Tramadol is a Pain killer abused by many, Huraaa for being a pharmacy student.an effective pain reliever (analgesic). Its mode of action resembles that of narcotics, but it has significantly less potential for abuse and addiction than the narcotics.http://tramadolcom.info
Tramadol is a Pain killer abused by many, Huraaa for being a pharmacy student.
Anonymous
June 20 2007, 23:29:33 UTC 4 years ago
eptJypZjHxrafmqb
a6a7d2745ee994377352f07b209ce0d6Anonymous
October 2 2007, 11:09:07 UTC 4 years ago
Scale-out Lucene with ScimoreDB
How about scaling out freetext search? We have integrated Lucene (CLucene) into shared nothing ScimoreDB. If single machine is not enough, you can always add more. Distributed engine will partition rows across multiple servers; therefore there is less data per machine and more memory to use. Parallel execution benefits performance as well. Just run a small test with 7 machines to index 11mln message (5GB text data) of the forum. It scaled pretty well.The version with Lucene integration is still in beta, but can be downloaded from: http://www.scimore.com/download/2.5/scim
Hence, it is only windows DB, but it is free.
Marius Slyzius
www.scimore.com
Anonymous
April 13 2008, 08:52:14 UTC 4 years ago
How register mail on hotmail right ?
Hihttp://phentermineonline1.blog-br.com/
G'night
Anonymous
August 2 2008, 17:49:54 UTC 3 years ago
The compelte movie is only from $1.99 to $4.99.

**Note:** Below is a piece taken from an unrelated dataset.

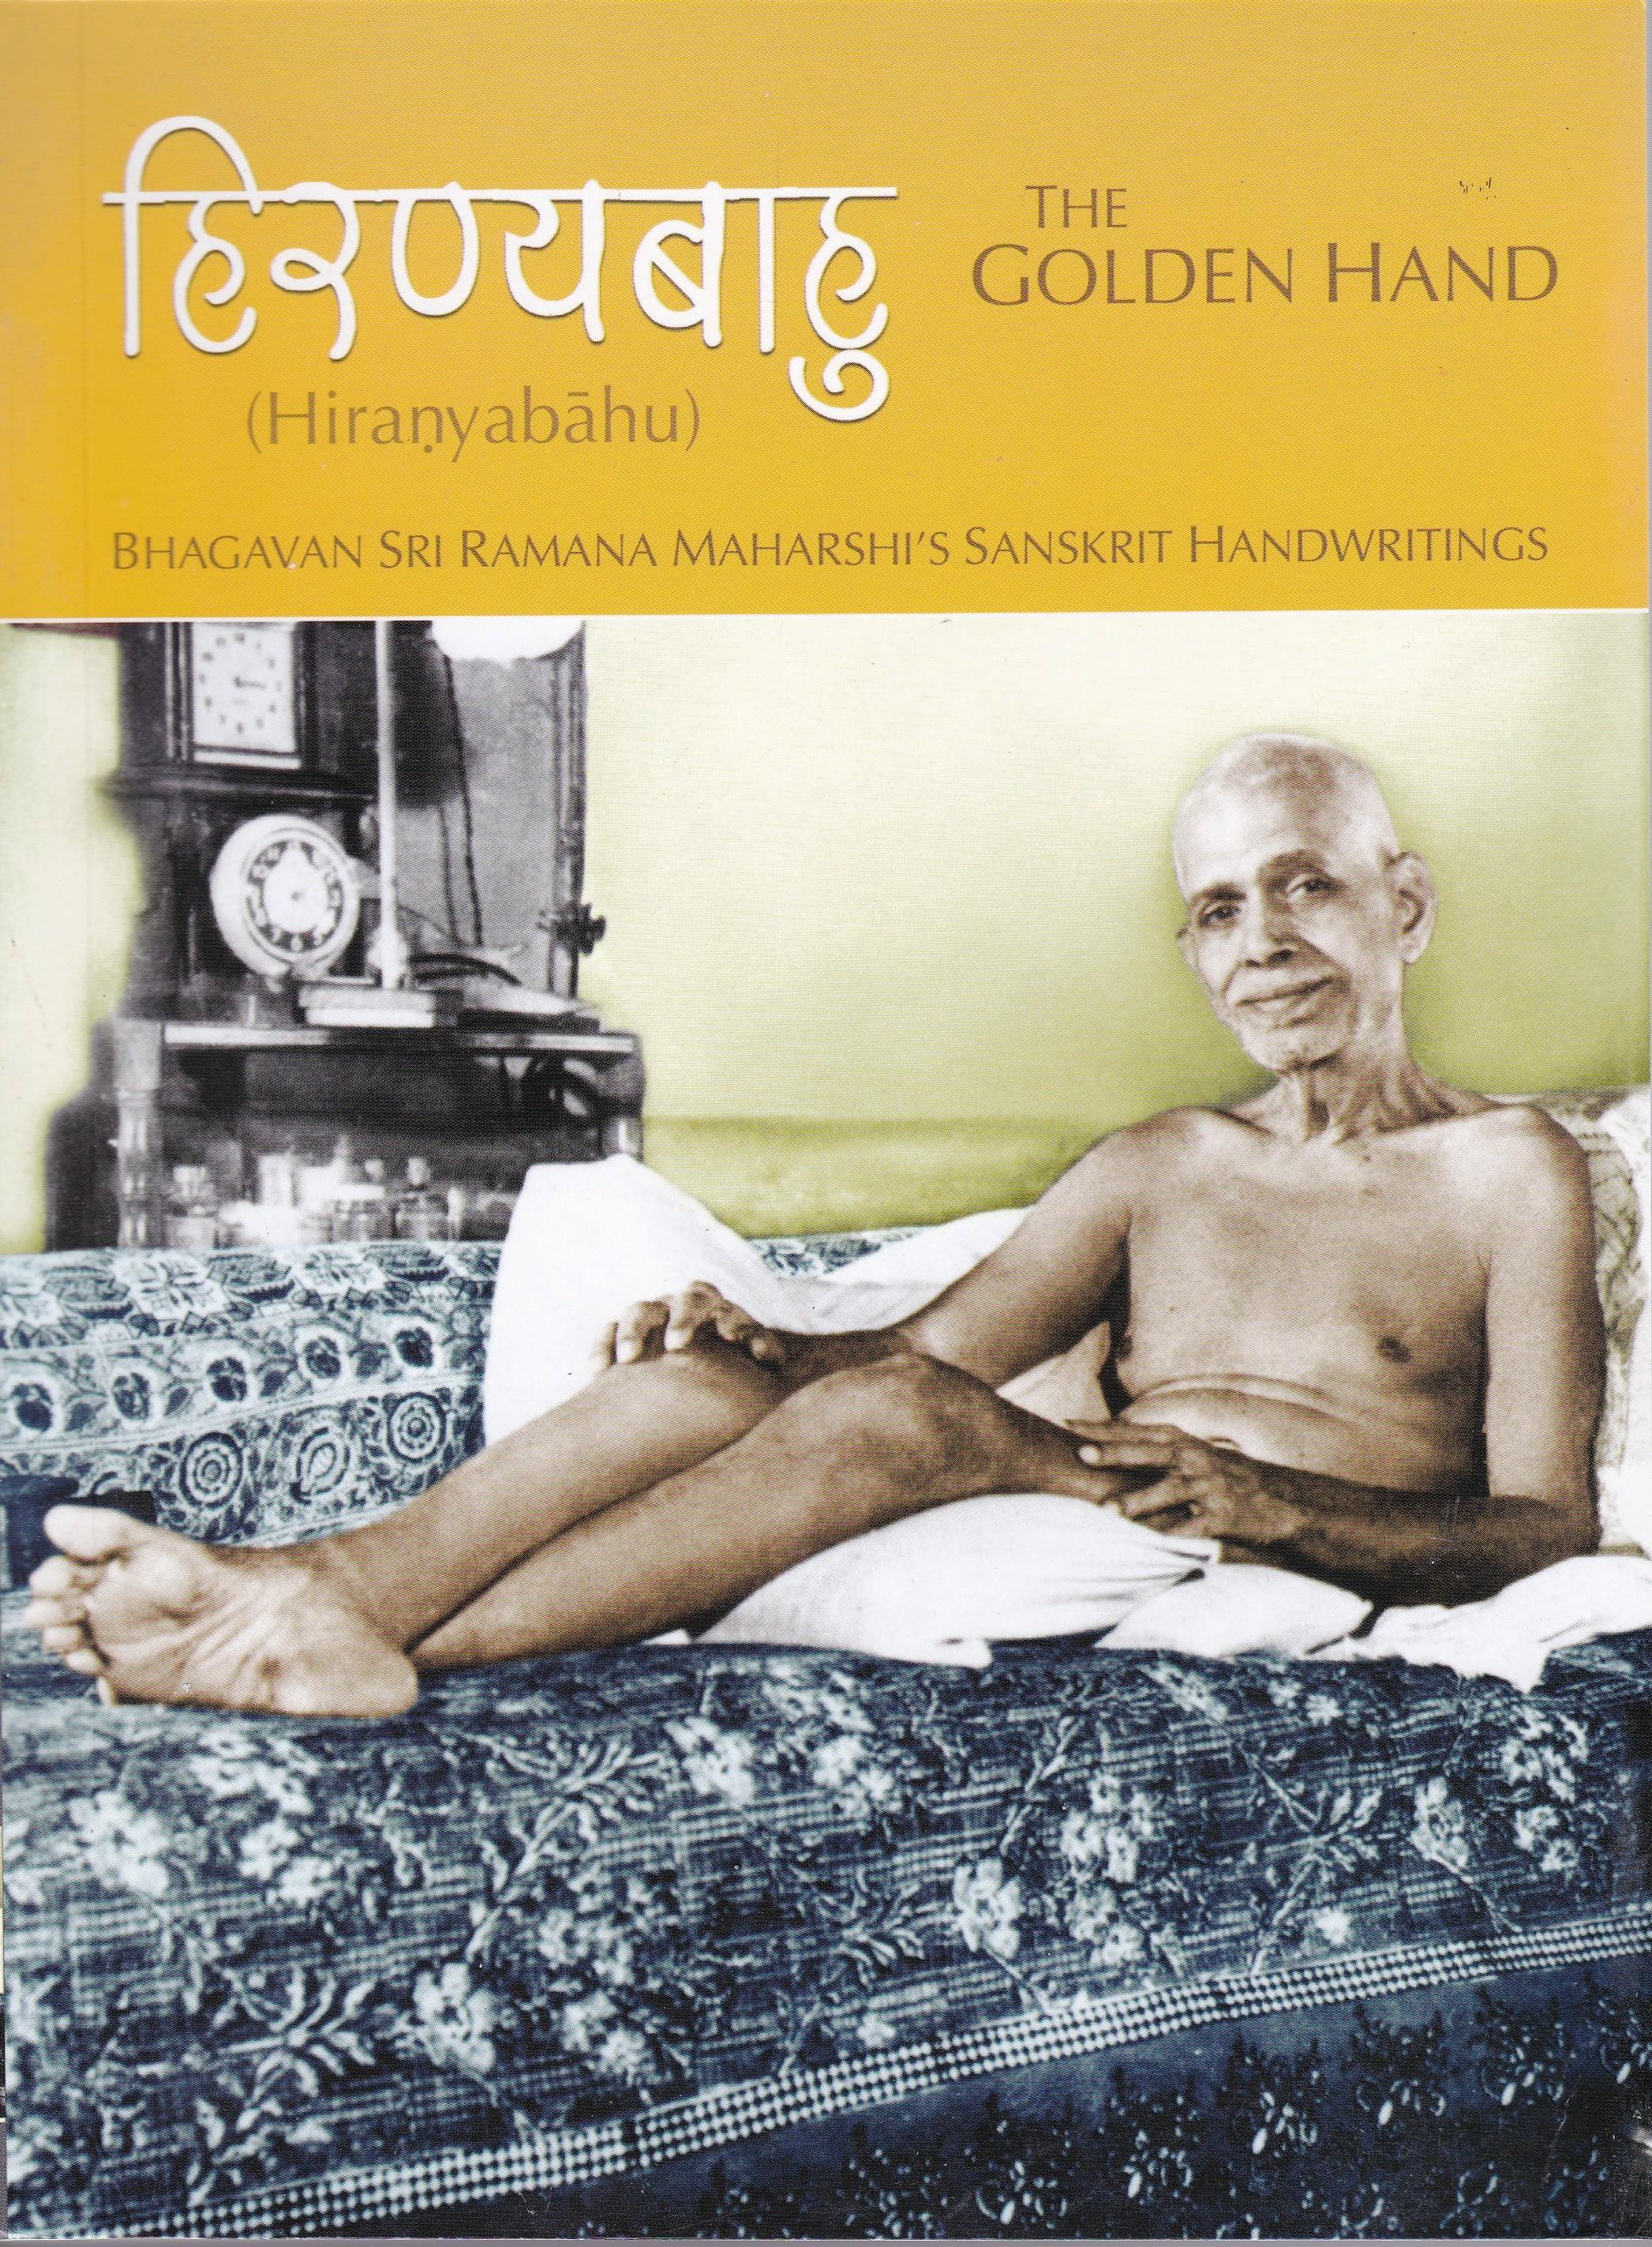 Hiranyabahu (The Golden Hand)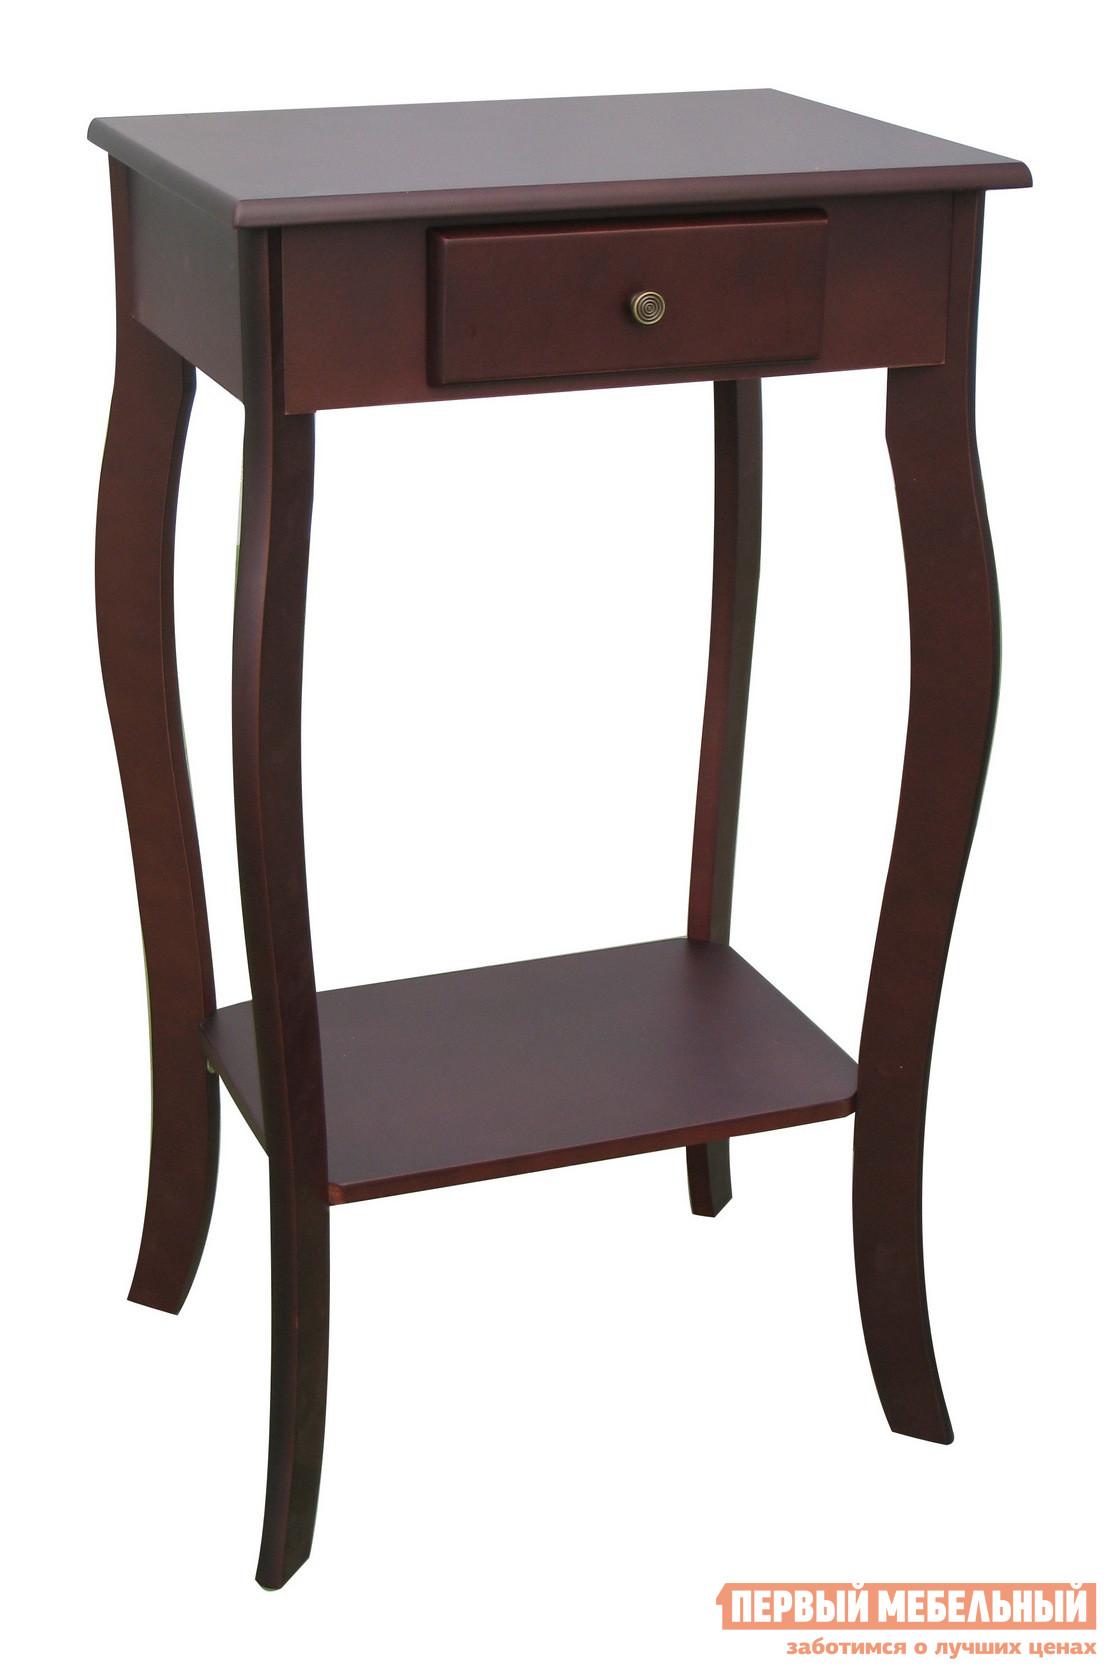 Деревянный журнальный столик МебельТорг Столик журнальный 1685

Instant Full-Length Downloads. From as low as $1.99!You will never be asked to download or install any additional software. Just use programs you always use, like your favorite browser or download manager. No rentals, you own what you download. The compelte movie is only from $1.99 to $4.99.
DVD quality movies
Along with widely used «DivX» version, we also offer higher quality downloads: 6 channel surround sound and DVD video resolution.
Watch movies on your PDA
Yes, each movie on our website is available in special «PDA edition».
Burn, baby, burn!
You can burn any movie you download to a CD or DVD. Watch movies on home video player with your family or friends.